Using cursor.executemany() to insert the dataframe
"""
# Create a list of tupples from the dataframe values
tuples = [tuple(x) for x in df.to_numpy()]
# Comma-separated dataframe columns
cols = ','.join(list(df.columns))
# SQL quert to execute
query = "INSERT INTO %s(%s) VALUES(%%s,%%s,%%s)" % (table, cols)
cursor = conn.cursor()
try:
cursor.executemany(query, tuples)
conn.commit()
except (Exception, psycopg2.DatabaseError) as error:
print("Error: %s" % error)
conn.rollback()
cursor.close()
return 1
print("execute_many() done")
cursor.close()
I executed this function to a psql table that I created in the DB:
execute_many(conn,df,"raw_data.test")
The table raw_data.test consists of columns a(char[]), b(char[]), c(numeric). When I run the code I get following information in the console:
Connecting to the PostgreSQL database...
Connection successful
Error: malformed array literal: "x"
LINE 1: INSERT INTO raw_data.test(a,b,c) VALUES('x','z',3)
^
DETAIL: Array value must start with "{" or dimension information.
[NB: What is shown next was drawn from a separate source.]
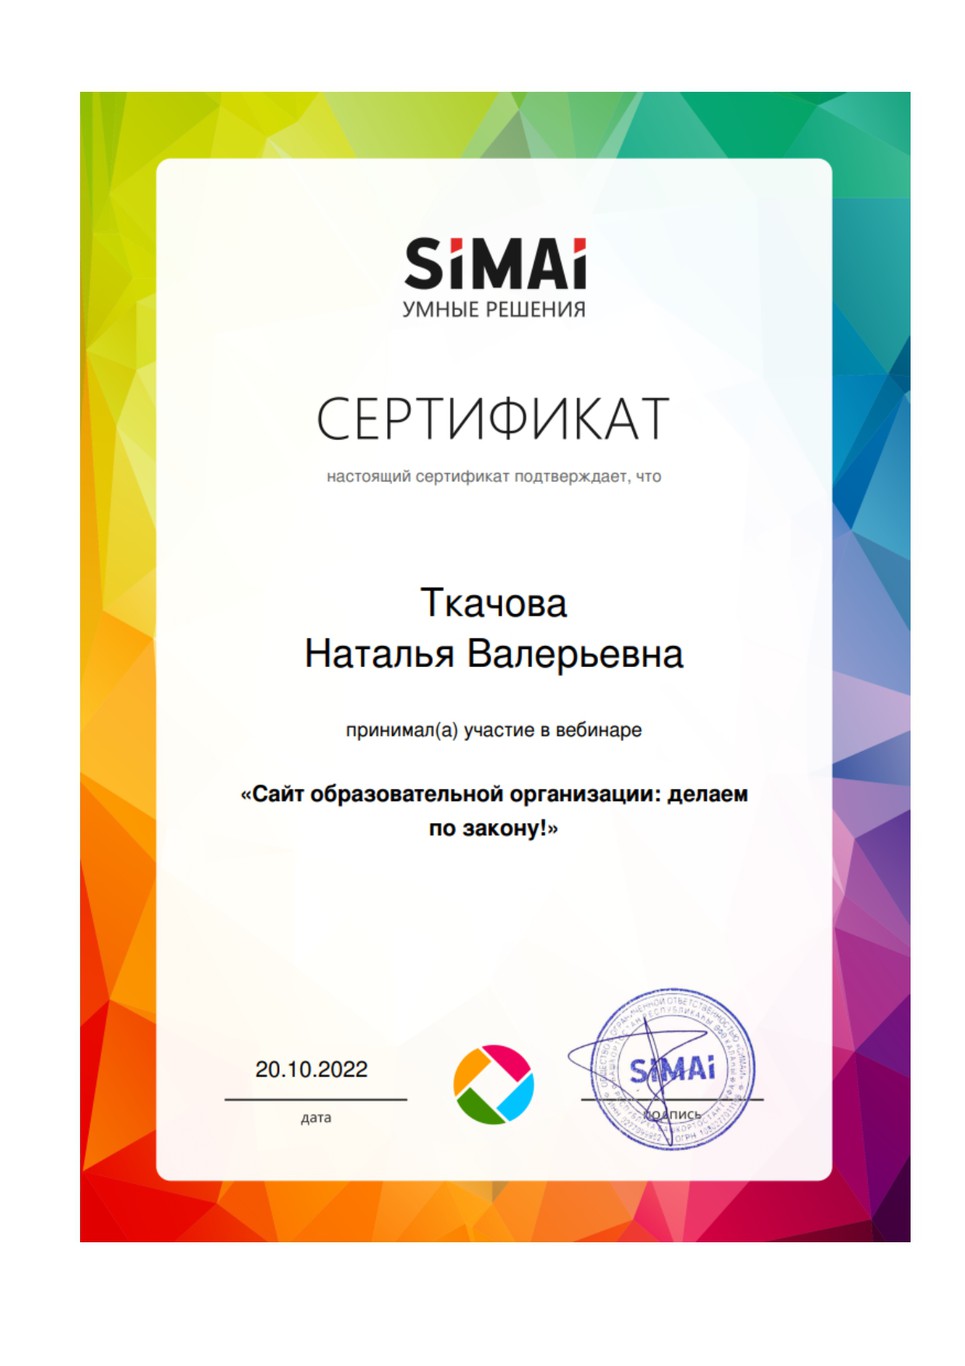 Сертификат Ткачовой Н.В. за участие в  вебинаре "Сайт образовательной организации: делаем по закону!"

I don't know how to interpret it because none of the columns in df are array
df.dtypes
Out[185]:
a object
b object
c int64
dtype: object
Any ideas what goes wrong there or suggestions how to maybe save df in pSQL in a simpler manner? I found quite a lot of solutions that use sqlalchemy with creating connection string in following way:
conn_string = 'postgres://user:password@host/database'
But I am not sure if that works on cloud db- if I try to edit such connection string with azure host details it does not work.